Professional Services
Librarians are available to present lectures to classes on particular library subjects and Instructional Support Services provides orientation to the library and its many computerized tools as well as instructional evaluation services (optical scanning for examinations, research data, and course and instructor evaluation questionnaires).
Museum
The basic mission of the University Museum, which was founded in 1869, is to collect, preserve, exhibit, and interpret those objects, artifacts, and specimens of southern Illinois and the surrounding region. The museum also has an educational mission offering an undergraduate minor in Museum Studies and a museum administration specialty within the Master of Public Administration program.
Research Development and Administration
The Office of Sponsored Projects Administration (OPSA) works to facilitate and promote research and sponsored project activities on campus. It is the office through which grants and contracts for research, training, and service projects are applied for, negotiated, and accepted.
ORDA notifies faculty and staff of funding opportunities, offers grant proposal development services, processes proposals and awards, and handles award administration matters such as budget revisions and subcontracts. It coordinates internal grant programs that provide resources for faculty and student projects, and it provides technology transfer services and guidance on intellectual property protection. Finally, it plays a key role in formulating and monitoring SIUC policies governing research and sponsored projects.

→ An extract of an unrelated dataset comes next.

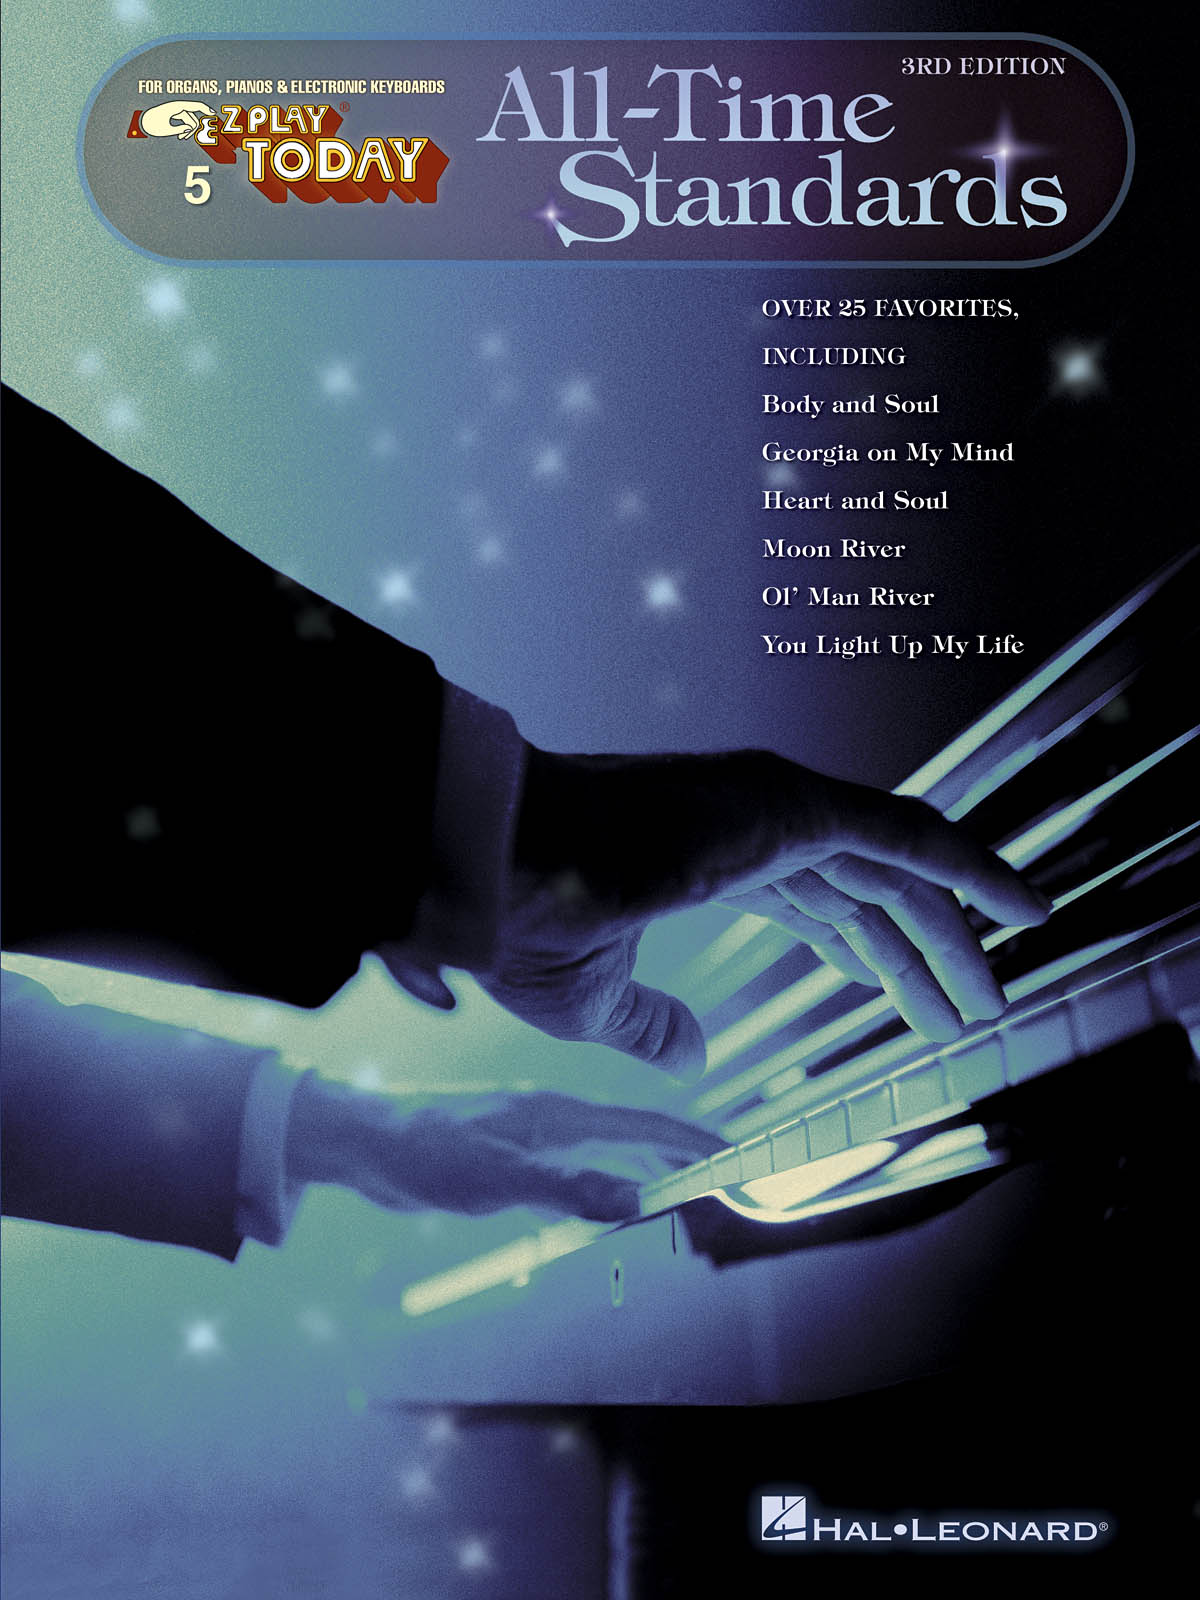 All Time Standards - 2nd Edition - E-Z Play Today Volume 5 - noty pro začátečníky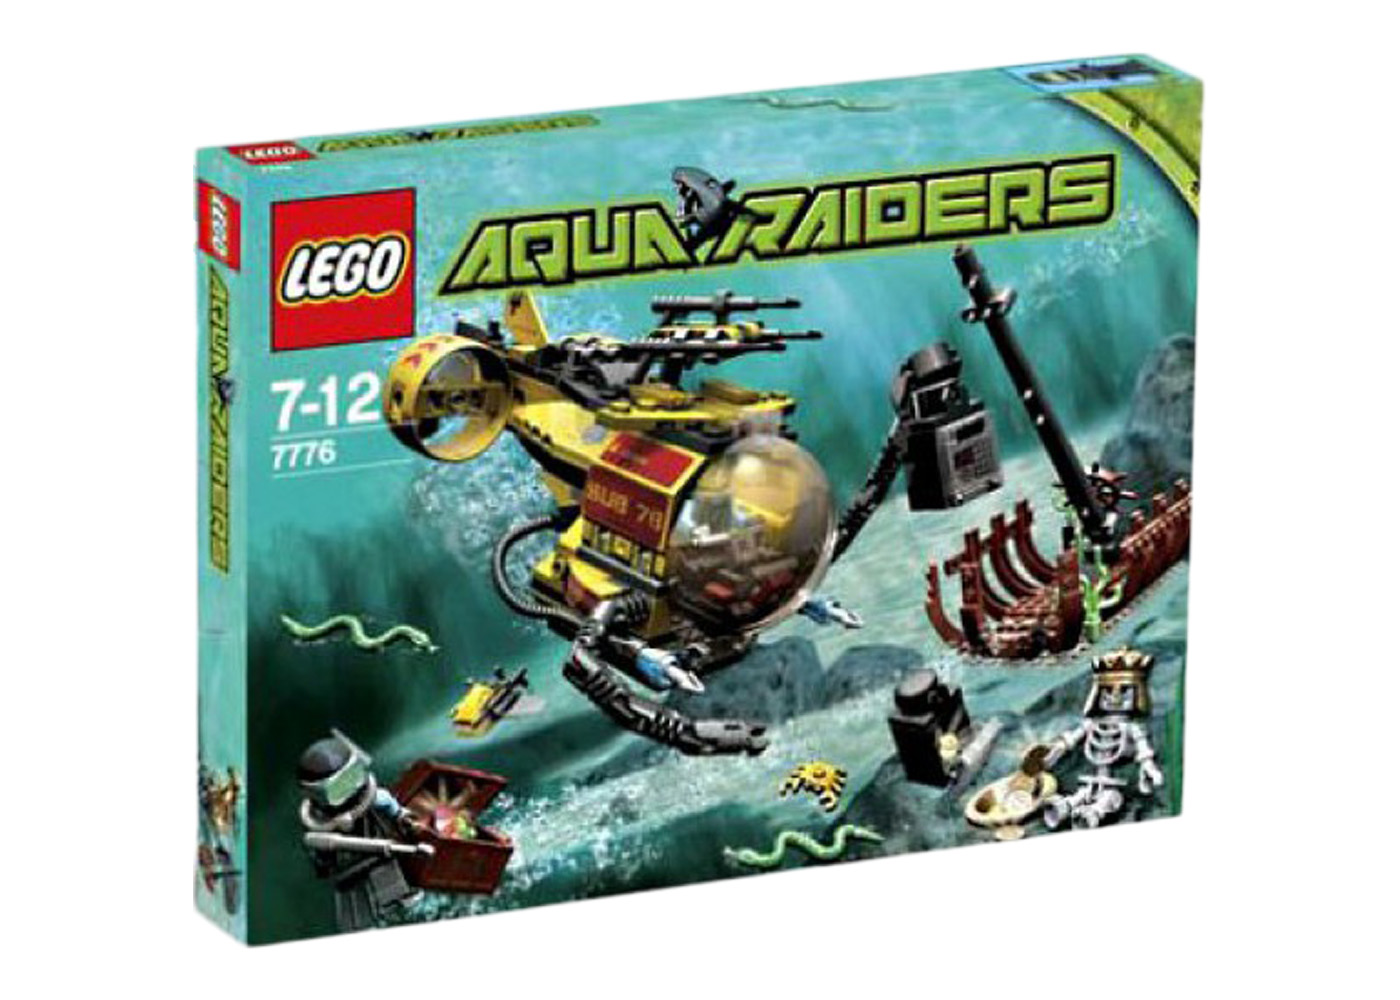 LEGO Aqua Raiders The Shipwreck Set 7776

OPSA's web site and various publications keep faculty and staff informed about research news, grant deadlines, and grant management procedures. Twice a year ORDA publishes Perspectives, a magazine describing some of the research and creative activities at SIUC.
The Office of Research Development and Administration is located in Woody Hall C-206, MC 4709 (618/453-4540).
Touch of Nature Environmental Center
Established in 1949 as a center for outdoor learning, the Touch of Nature Environmental Center is located on a 3100-acre site approximately eight miles southeast of campus. Serving both the university and the public year round, the center provides dining and sleeping facilities capable of accommodating up to 400 people (including those with disabilities) for educational retreats, workshops, seminars, classes, and research projects. Touch of Nature offers programs in environmental education, adventure recreation, executive and staff development, and therapeutic recreation.